The night sky was cloudy, hiding the moon so I was not guided by its light. I walked alone, on the empty road, only sometimes being illuminated by the bright white or blue headlights of the passing cars.
Jump in front of them, my mind whispered. But from behind, I did not wish to be hit. And from the front I did not wish my head to be injured.
So I continued walking.
Two and a half miles, for someone who doesn’t exercise at all, that’s a hefty distance.
But I had one destination in mind, just one: the ponds.
I was alone. So utterly and physically and completely alone. I cried. I cried when I walked down the road, in the middle of it, on the side of it. I cried when I couldn’t see my footfalls in front of me. I cried wearing all black at eight o’clock at night.
I cried when I saw the pale white glimmer of the water from the top of the road. By then, I was talking to myself aloud, for no one else was around.
I had no cell phone–it was taken.
I had my car keys, the lot that would help without a car.
I knew only one phone number from the outside world–the others being my own and emergency lines–and I didn’t have a list of numbers elsewhere to call, even if I could think of the friends faces to match the illusive numbers.

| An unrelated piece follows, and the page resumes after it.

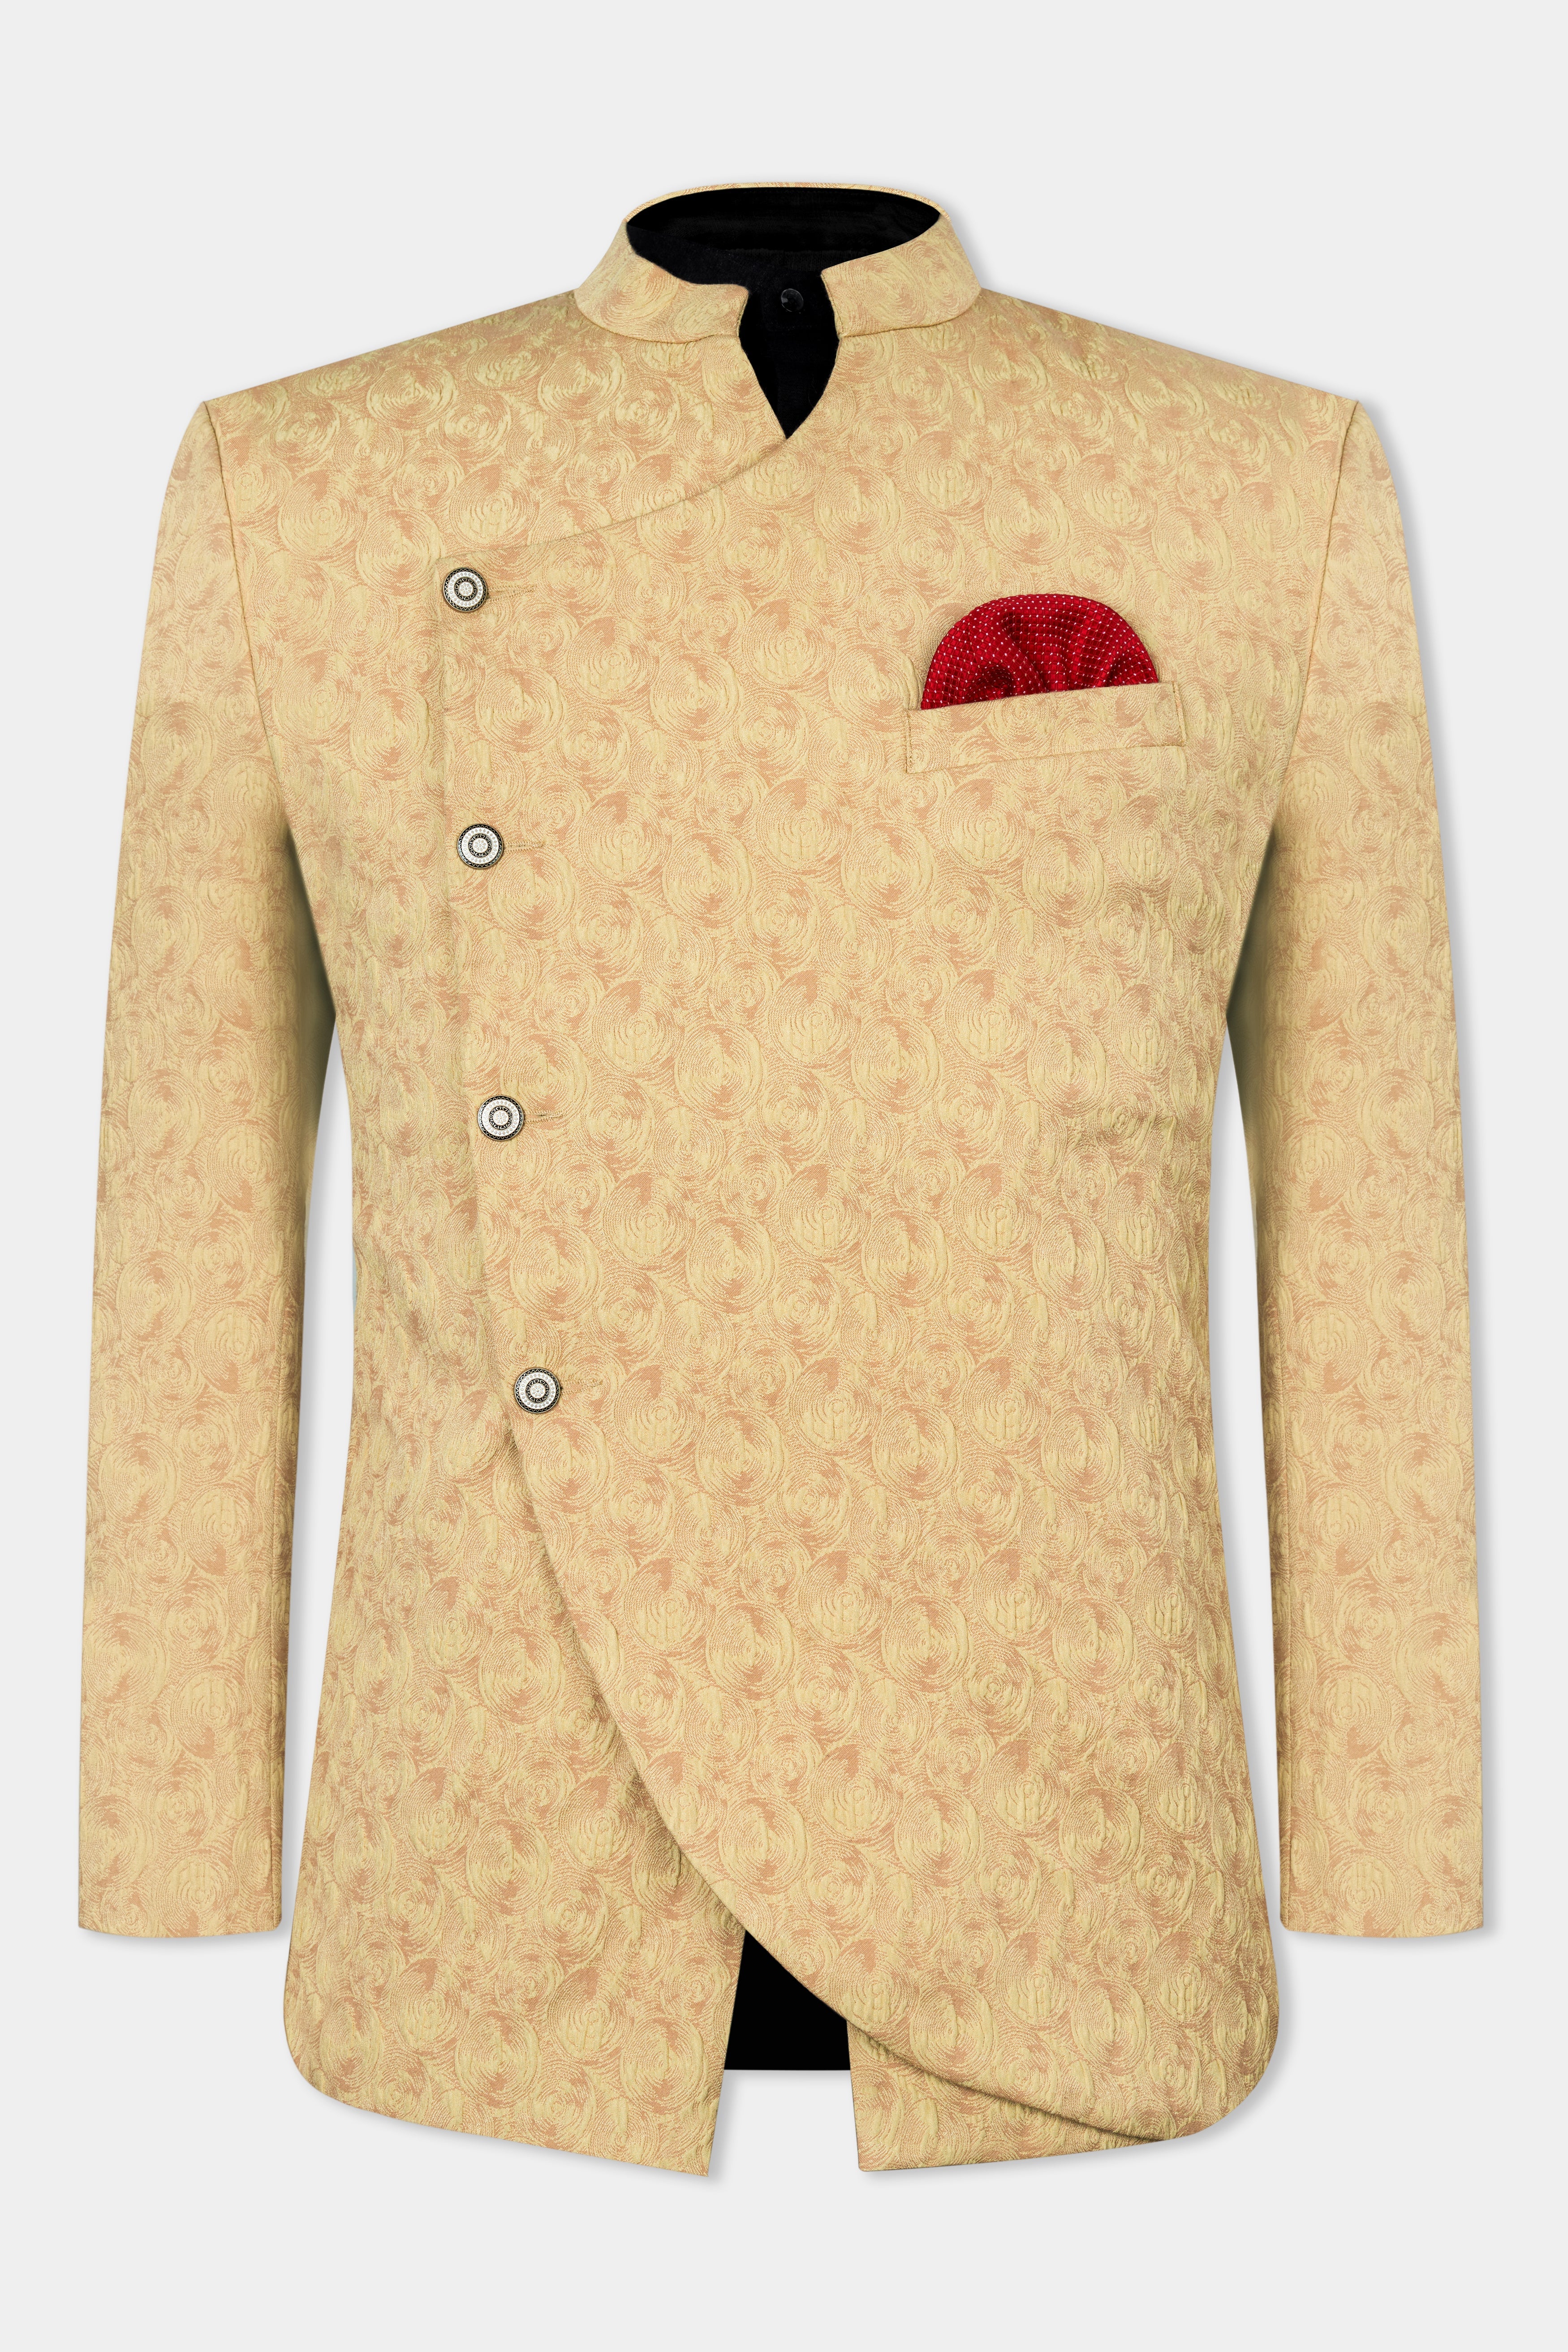 Putty Brown Textured Cross Buttoned Bandhgala Designer Blazer BL2866-D432-36, BL2866-D432-38, BL2866-D432-40, BL2866-D432-42, BL2866-D432-44, BL2866-D432-46, BL2866-D432-48, BL2866-D432-50, BL2866-D432-66, BL2866-D432-54, BL2866-D432-56, BL2866-D432-58, BL2866-D432-60

I approached a stranger’s home for my one phone call. They let me use their phone, but the call didn’t go through.
So again, I walked.
I remember even telling the stranger what I was about to go do, and just being met with the flattest, “Okay.”
Yeah, okay!
By the time I reached the pond, my suicidality had faded away. What had upset me, triggered me, seemed so insignificant. And still, I walked.
I cried when I thought I wouldn’t be able to reach out for help. That this was my final sight. My final words circling in my mind, never to be met to the keyboard or the paper to be finalized.
I thought of final articles, posts, letters.
I thought of how alone I was, no one knowing.
…The wind was cool. The water not as cold as I expected.
But I had to pee.
And I have high standards: I didn’t want to pee myself while I drown.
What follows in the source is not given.